Ратанга - Татьяна Кухта
Шрифт:
Интервал:
Закладка:
День это был, утро ли, вечер - она не знала. Вдруг сквозь бред она услышала треск сучьев над головой и неясные голоса. она шевельнулась. чтобы зарыться поглубже, спрятаться - и тут же против воли застонала. Над ней шуршали расшвыриваемые листья, голоса стали громче, наконец чьи-то руки подхватили ее бережно, но боль от их прикосновения ожила, и девочка застонала вновь. Она чувствовала, как ее положили - не на траву, на что-то мягкое и теплое, чувствовала осторожные прикосновения пальцев, слова неведомого языка звучали в вышине. Она глубоко вздохнула и открыла глаза.

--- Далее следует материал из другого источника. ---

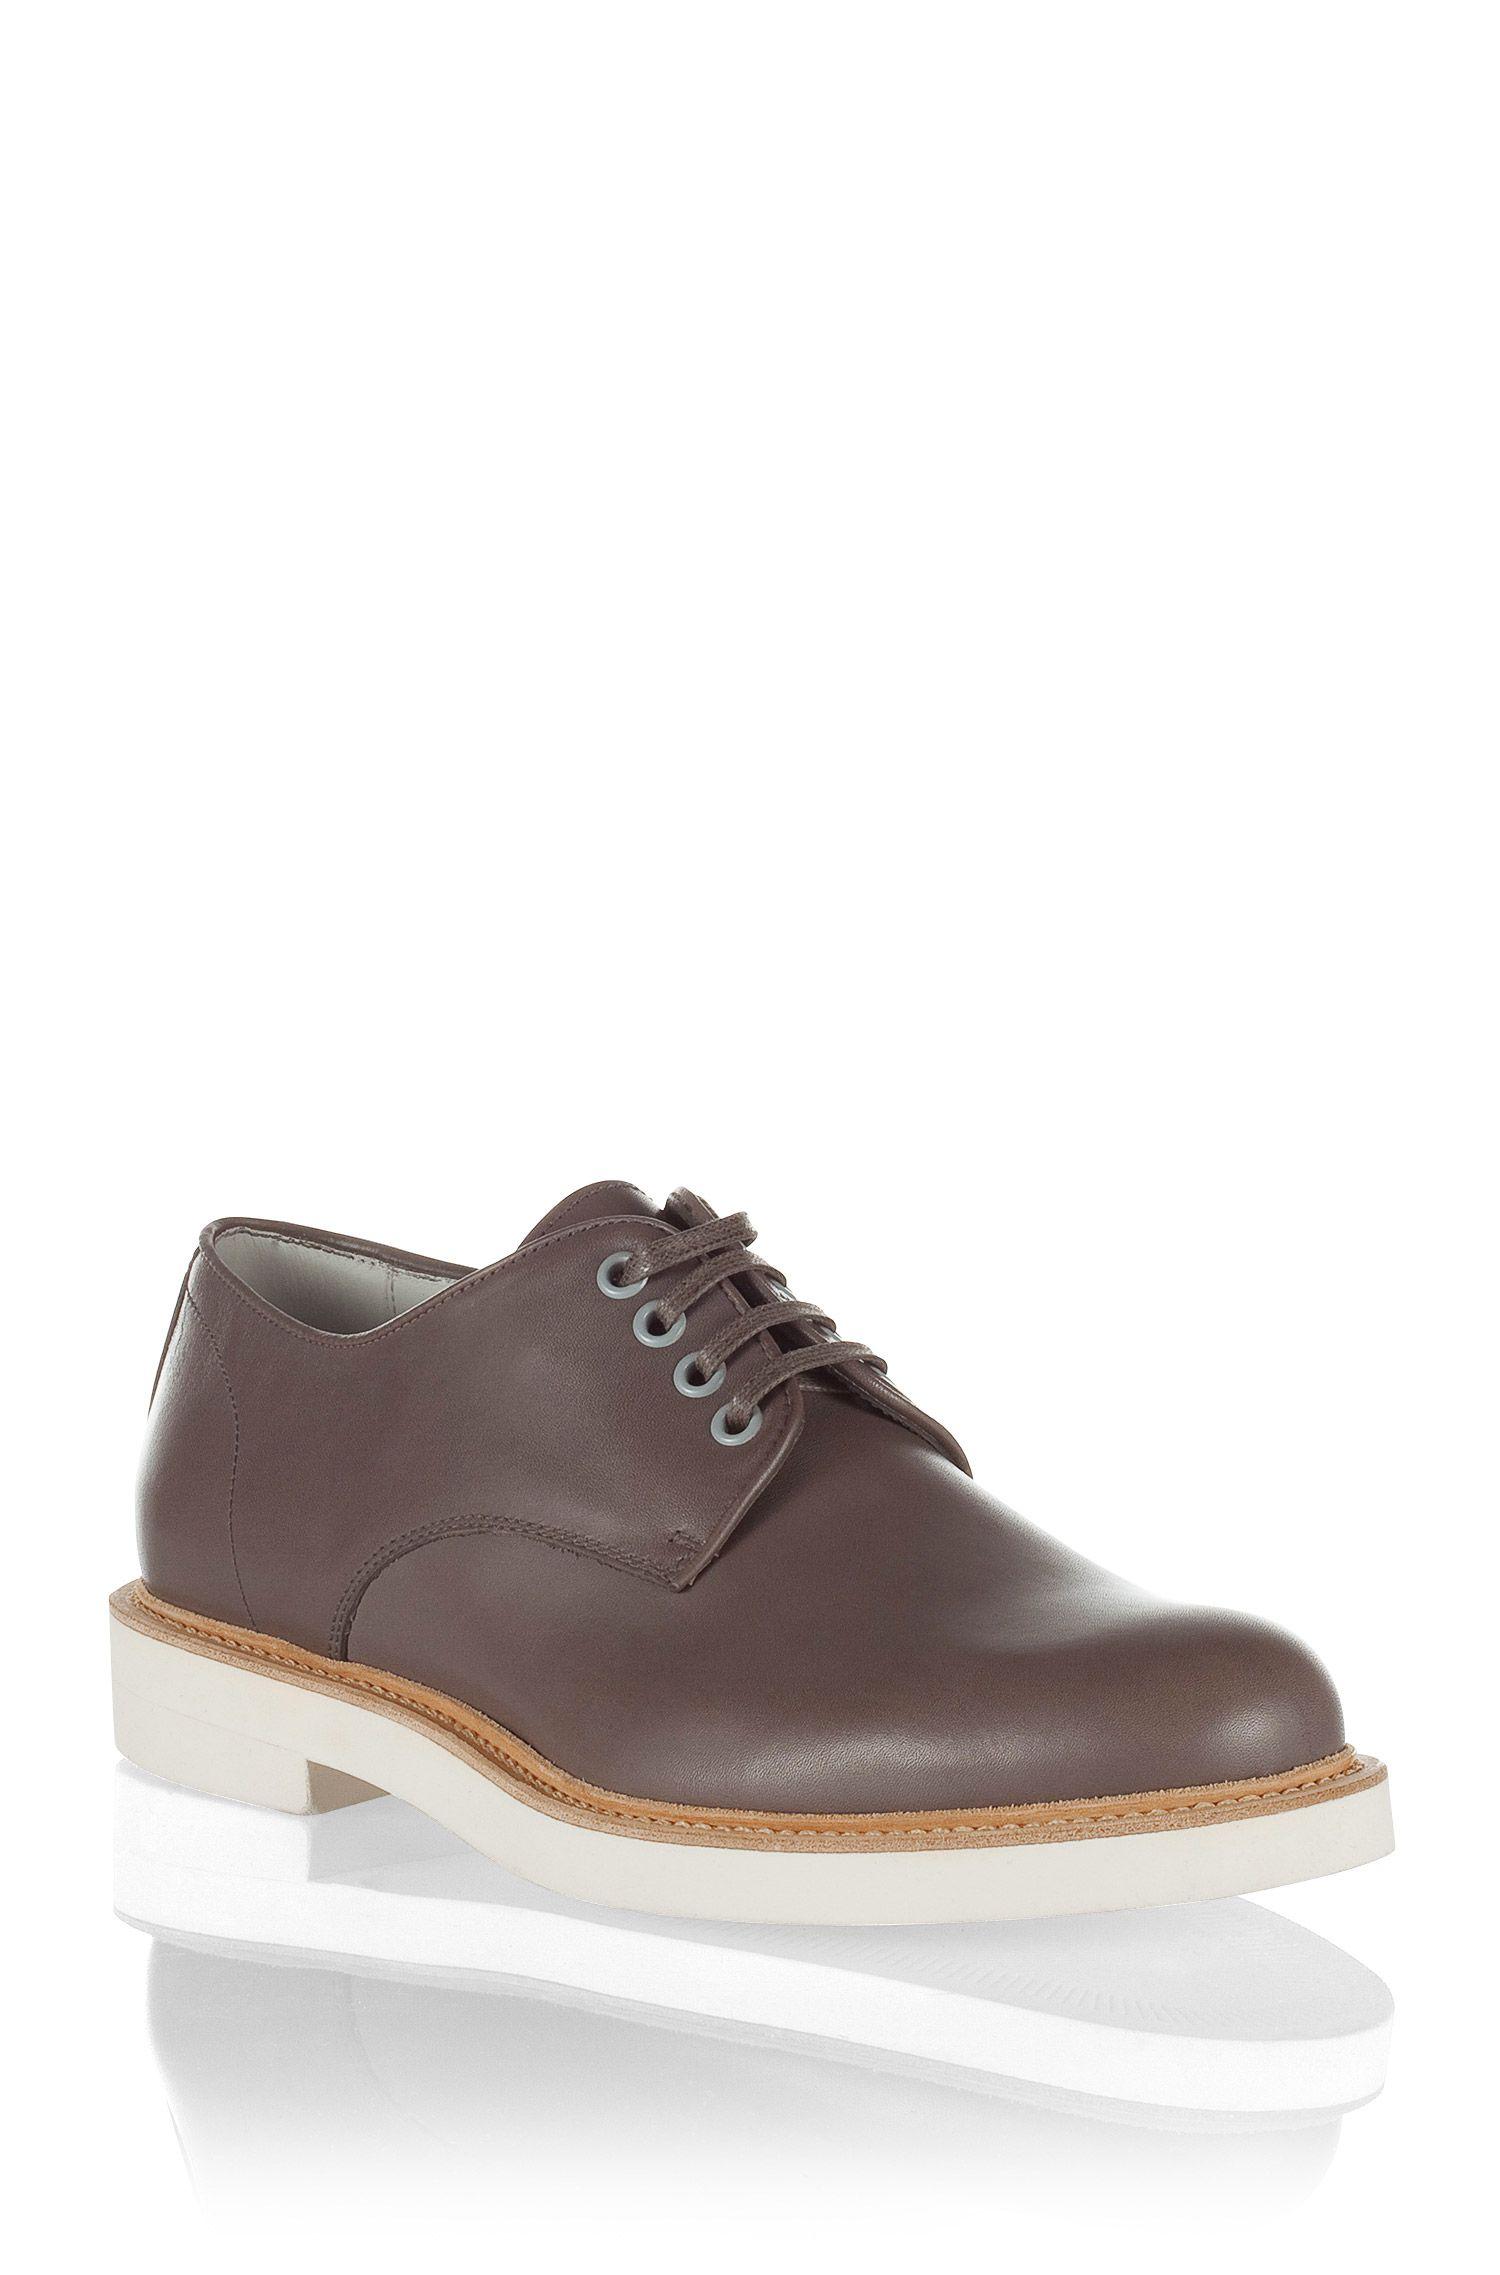 Designer-Schuh ´GRADIO` aus Glattleder

Два лица склонялись над ней - тонкие, светлые, нездешние, будто подернутые серебристой дымкой. Потом дымка рассеялась, но лица по-прежнему казались нездешними. И слова звучали - странные. Сильная рука обняла девочку за плечи, приподняла, поддержала голову. Она огляделась.

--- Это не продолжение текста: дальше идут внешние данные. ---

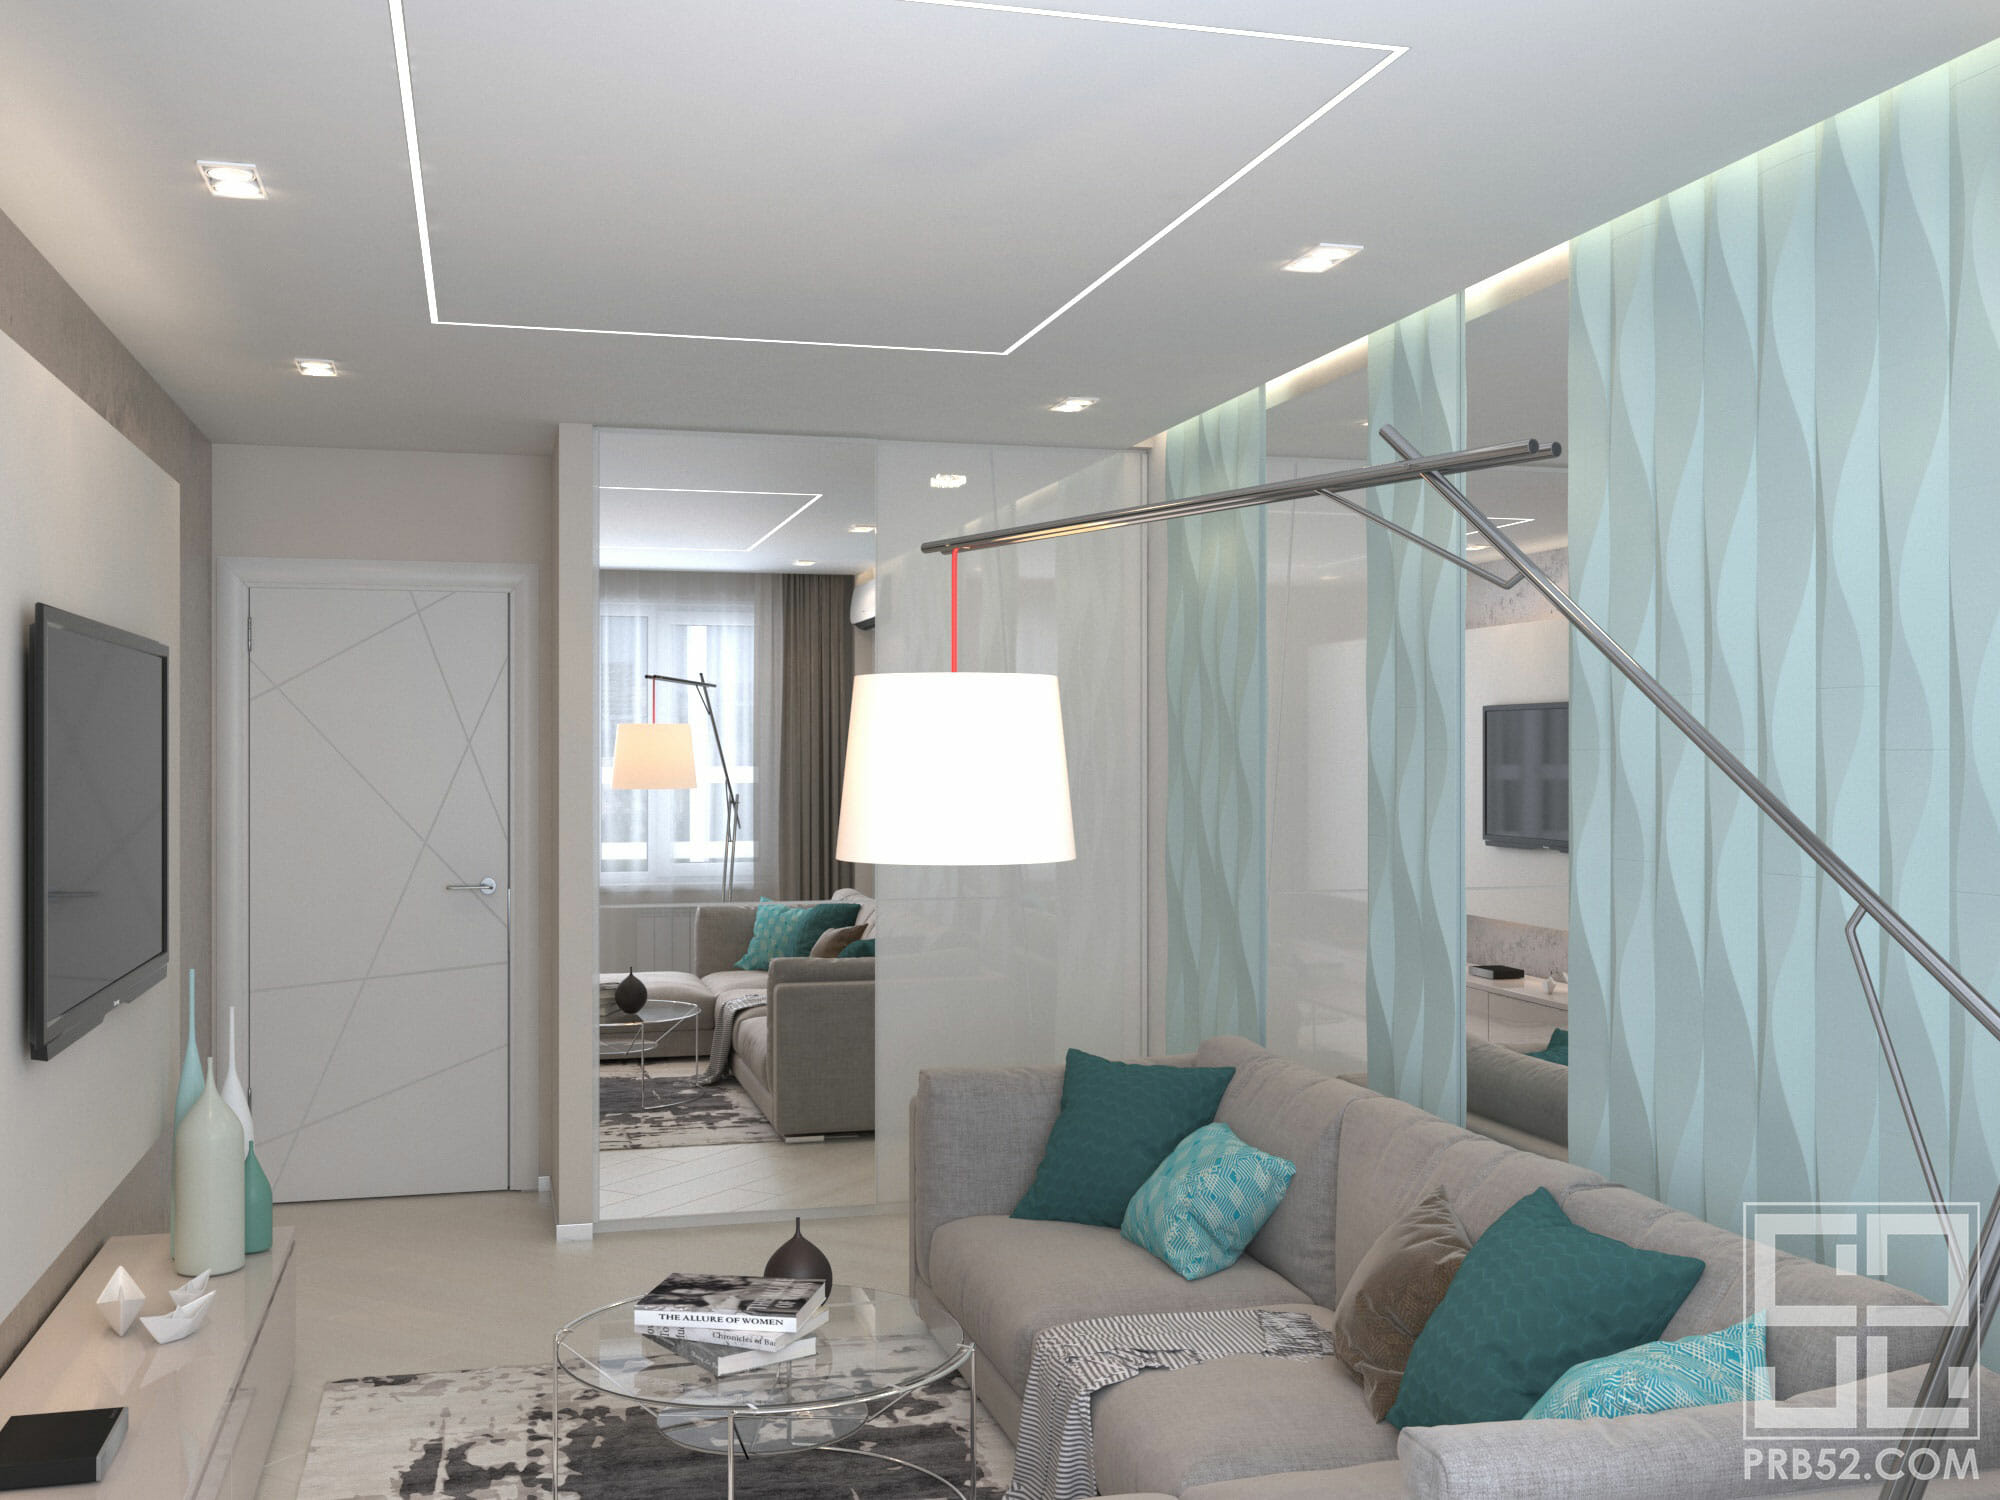 дизайн интерьера современной гостиной с панелями

Их было пятеро. высокие, стройные, в серебристых одеждах. Пять белых коней бродили рядом. От полупогасшего костра тянулся тонкий дымок.
Один из них поддерживал ее, припав на колено, другой, наклонившись, внимательно смотрел в лицо. Трое других стояли вокруг и изредка перебрасывались тихими словами.

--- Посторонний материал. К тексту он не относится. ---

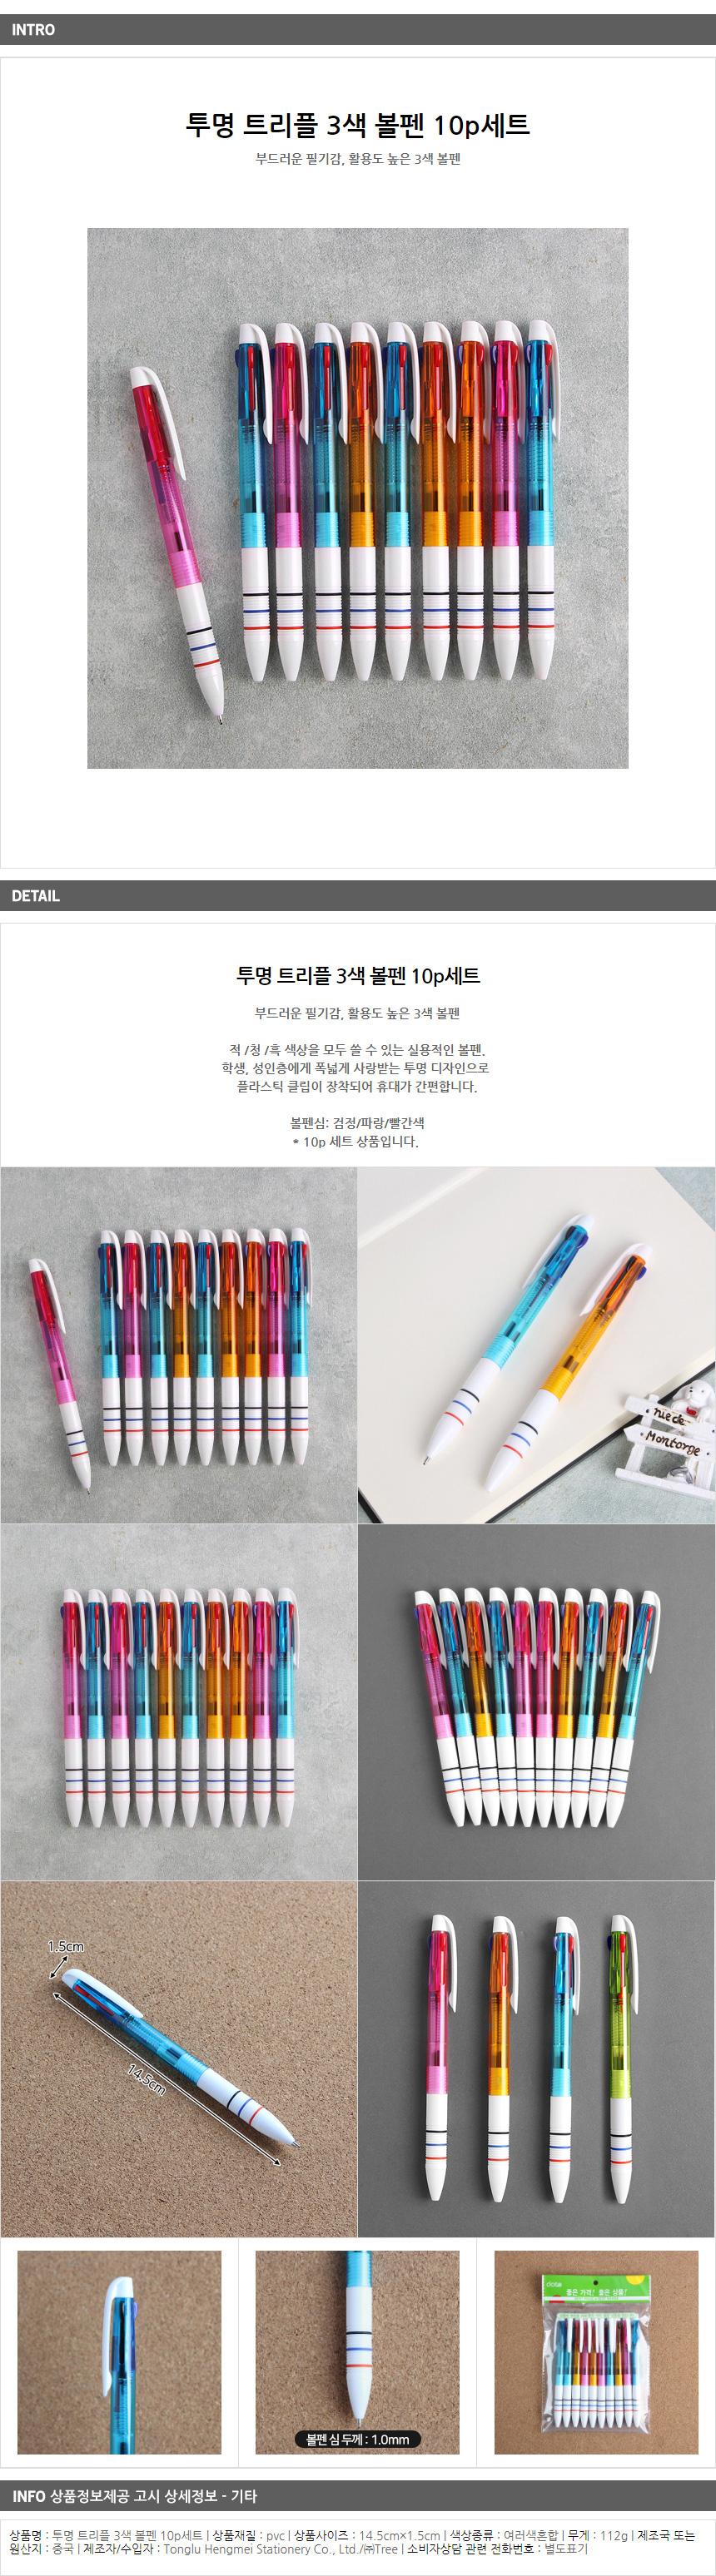 멀티 3색 볼펜 10P 세트 - 기프트갓, 3,500원, 볼펜, 볼펜 세트

Вдруг девочка поняла, кто они. Вспомнила рассказы матери, шепотки соседок, долгие повести путешественников, изредка забредавших в поселок. Светлые лица, серебристые плащи, нездешний говор - Странники, вот они кто! Иногда видели люди, как мелькали в надвигающейся тьме белые силуэты коней, и ветер развевал плащи всадников. Никто не видел их вблизи, ни с кем никогда не обмолвились они словом. Говорили, что они живут далеко на Побережье, что их города возносятся к небу, что им подвластны ветра и Море. И что печаль им неведома - ни своя, ни чужая...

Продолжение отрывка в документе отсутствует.